Seit seiner Kindheit war die Adventszeit für Jochen Klepper eine besondere Zeit: die Zeit, der Vorbereitung auf das Christfest. Im Advent war das neue Haus fertiggestellt und eingerichtet worden. Im Advent waren ihm wichtige Gedichte zugekommen. Im Advent hatte er seinen Roman "Der Vater" abgeschlossen. Und immer war das Haus dann festlich geschmückt, und seine Frau, Hanni, obwohl mosaischen Glaubens, half ihm dabei. Am 1. Advent 1937 hatte in den Herrnhuter Losungen gestanden "Die Nacht ist vorgerückt, der Tag aber nahe herbei gekommen. So lasset uns nun ablegen die Werke der Finsternis und anlegen die Waffen des Lichts!" Das war der Anstoß für sein Adventslied.
Seine Ehe mit der Jüdin Hanna Stein hatte zum Bruch mit der Familie geführt. Und von Seiten der Machthaber des 3. Reiches wurde er zur Scheidung gedrängt. Seine Zukunft als Schriftsteller war in Frage gestellt, denn die Reichs-Schrifttums-Kammer drohte mit Ausschluss, der dann auch erfolgte. Nach dem 09. Nov. 1938 ("Reichs-Kristallnacht") verschärfte sich die Lage weiter. Eine Sondergenehmigung wurde abgelehnt. Zu Gesprächen wurde er nicht vorgelassen. Klepper verlor seine Stellen beim Berliner Rundfunk und beim Ullstein-Verlag. Es
drohte sogar der Abriss seines Hauses, weil es angeblich nicht in den Bebauungsplan Berlins passe. Die Zwangsscheidung war zu befürchten, obwohl sich Hanni hatte taufen lassen, und das Paar kirchlich getraut worden war. Aus der Wehrmacht, Nov. 1940 einberufen, wurde Klepper nach 11 Monaten wegen seiner "nichtarischen Ehe" als "wehrunwürdig" entlassen.
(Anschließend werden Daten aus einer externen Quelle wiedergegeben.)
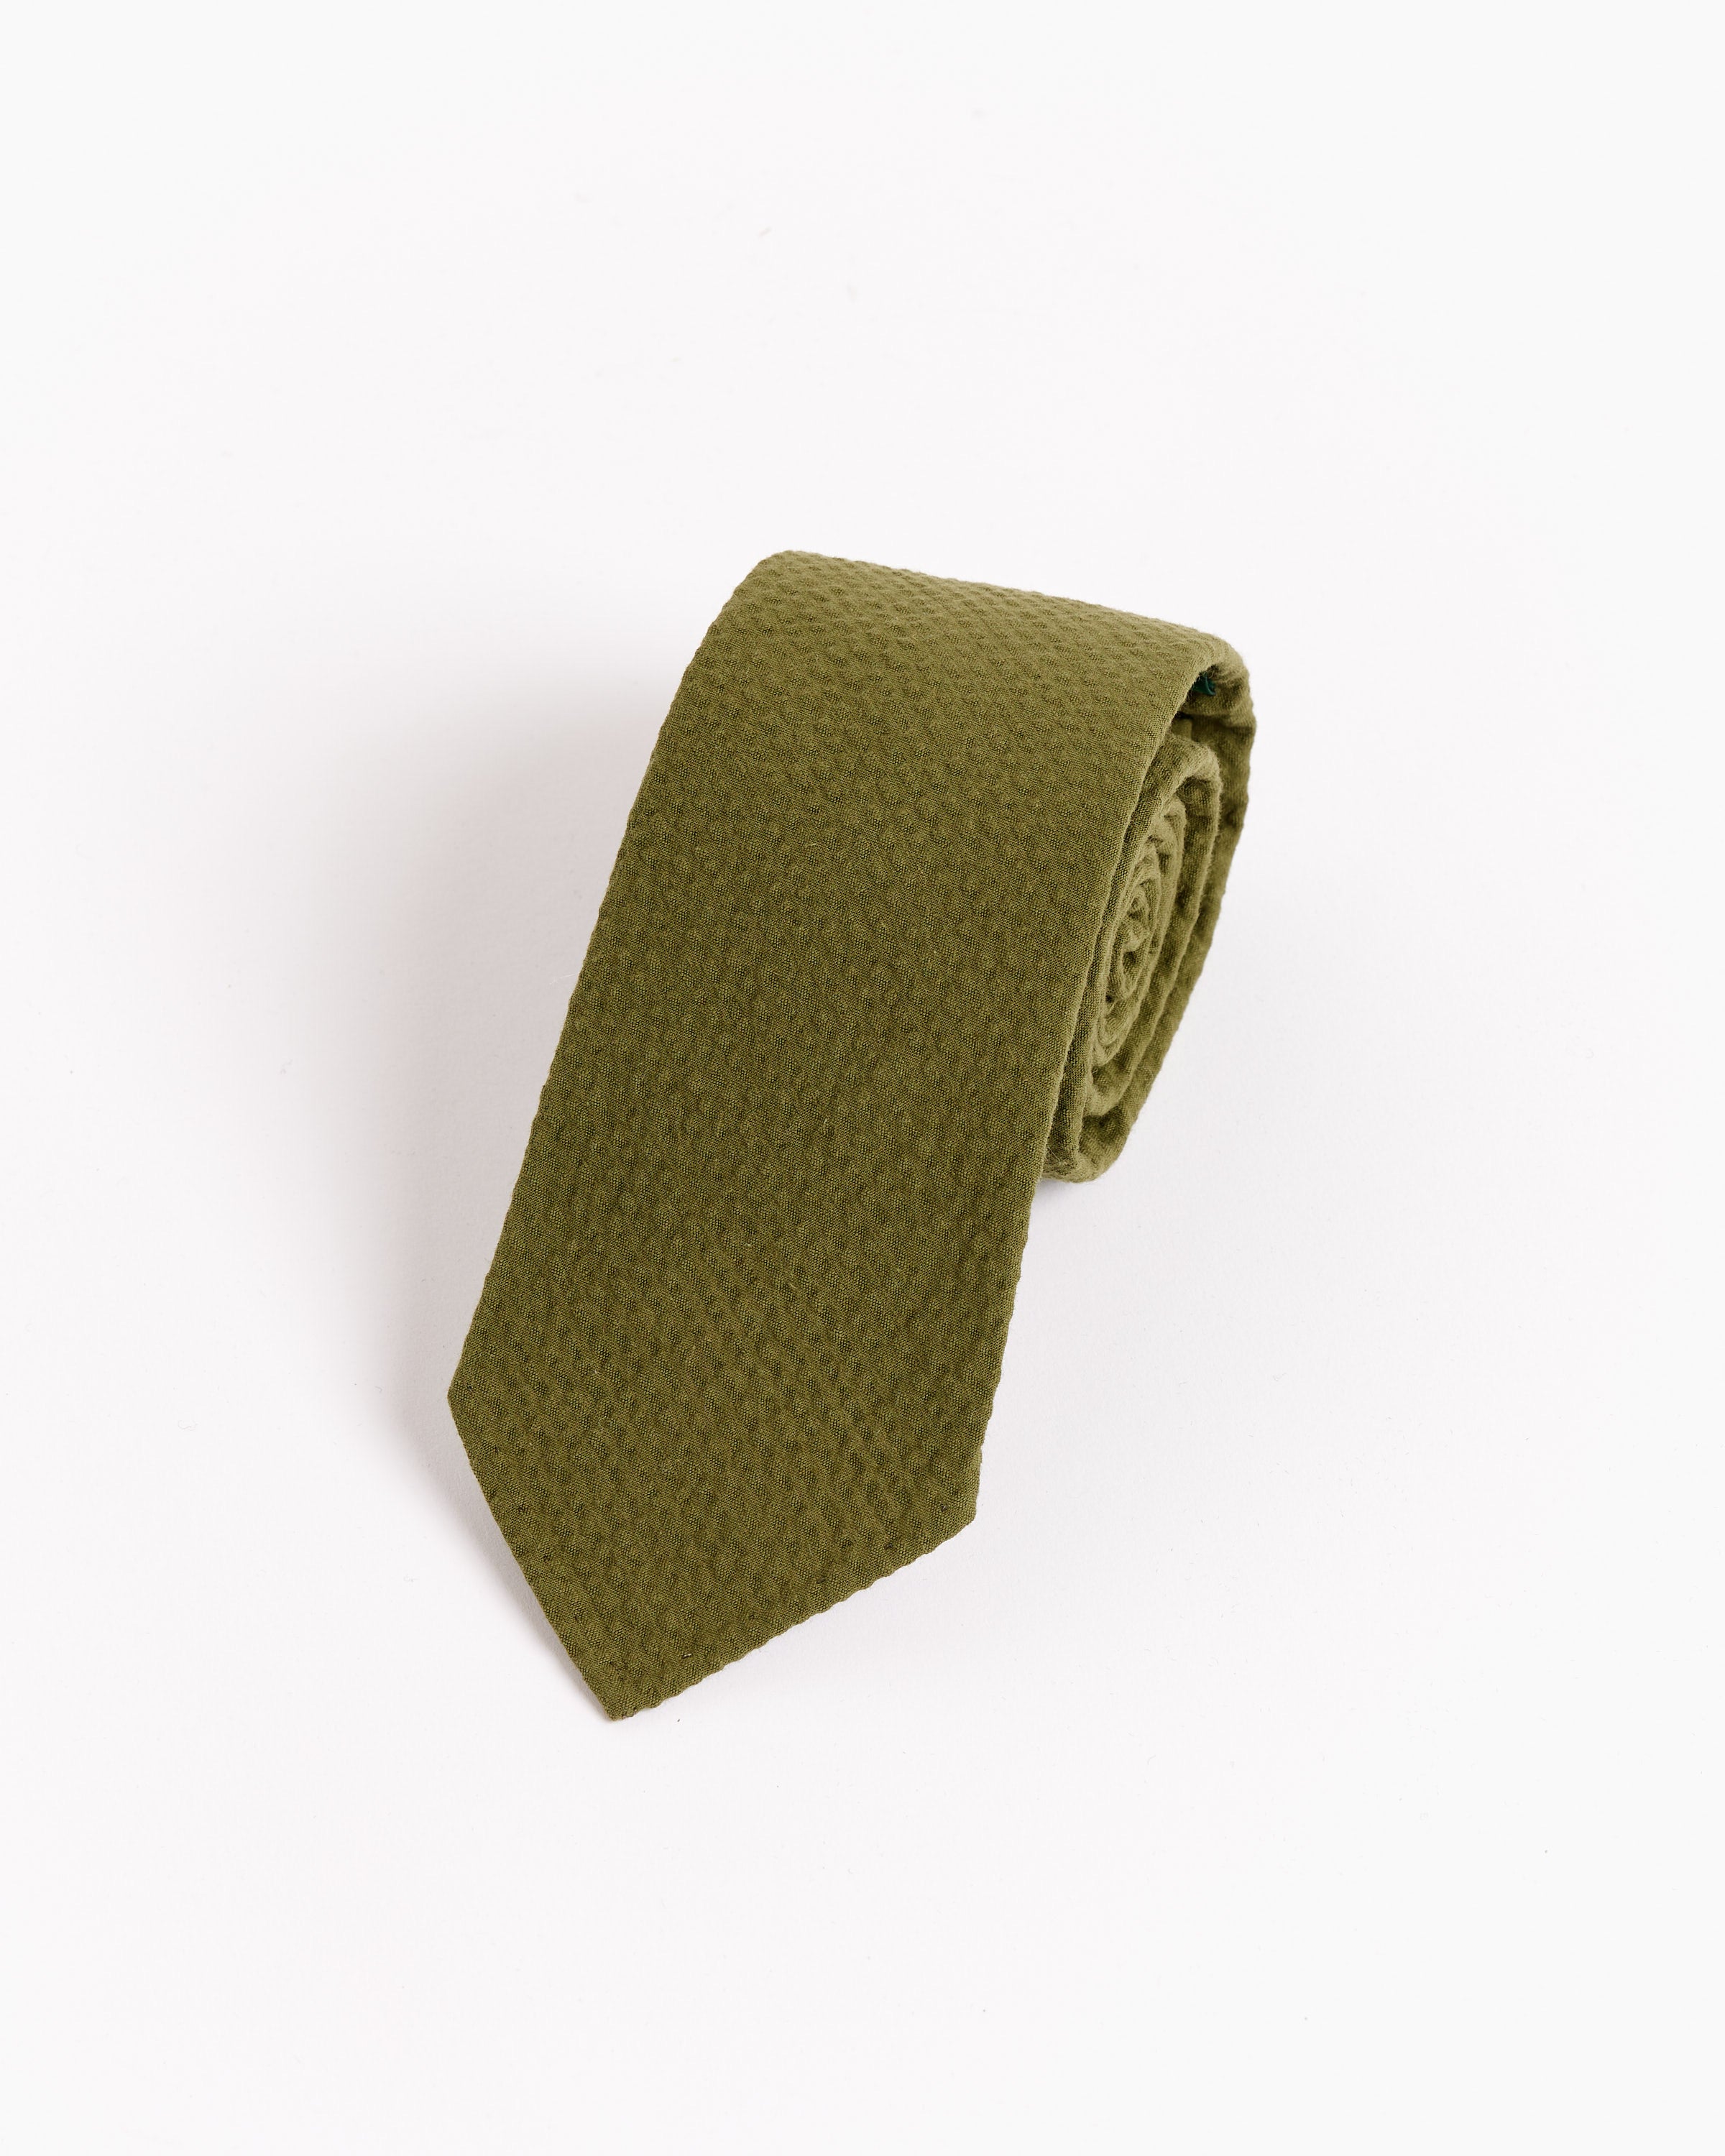 SMOCK x Gitman Vintage Tie Seersucker in Pesto

Hilfe erfuhren sie von keiner weltlichen noch kirchlichen Instanz. So sahen sie keinen Ausweg mehr. Am 11.12.1942 gingen sie gemeinsam in den Freitod...
Aber Jochen Klepper hat der Welt sein literarisches Werk hinterlassen. Darunter das so tröstliche Advents-Lied "Die Nacht ist vorgedrungen" in fünf Strophen. Drei davon möchte ich hier in Erinnerung bringen:
1. Die Nacht ist vorgedrungen, der Tag ist nicht mehr fern. So sei nun lobgesungen dem hellen Morgenstern.
Auch wer zur Nacht geweinet, der stimme froh mit ein. Der Morgenstern bescheinet auch deine Angst und Pein.
3. Die Nacht ist schon im Schwinden, macht euch zum Stalle auf! Ihr sollt das Heil dort finden, das aller Zeiten Lauf von Anfang an verkündet, seit eure Schuld geschah. Nun hat sich euch verbündet, den Gott selbst aus-ersah.
4. Noch manche Nacht wird fallen auf Menschenleid und -schuld. Doch wandert nun mit allen der Stern der
Gotteshuld. Beglänzt von seinem Lichte hält euch kein Dunkel mehr. Von Gottes Angesichte kam euch die Rettung her.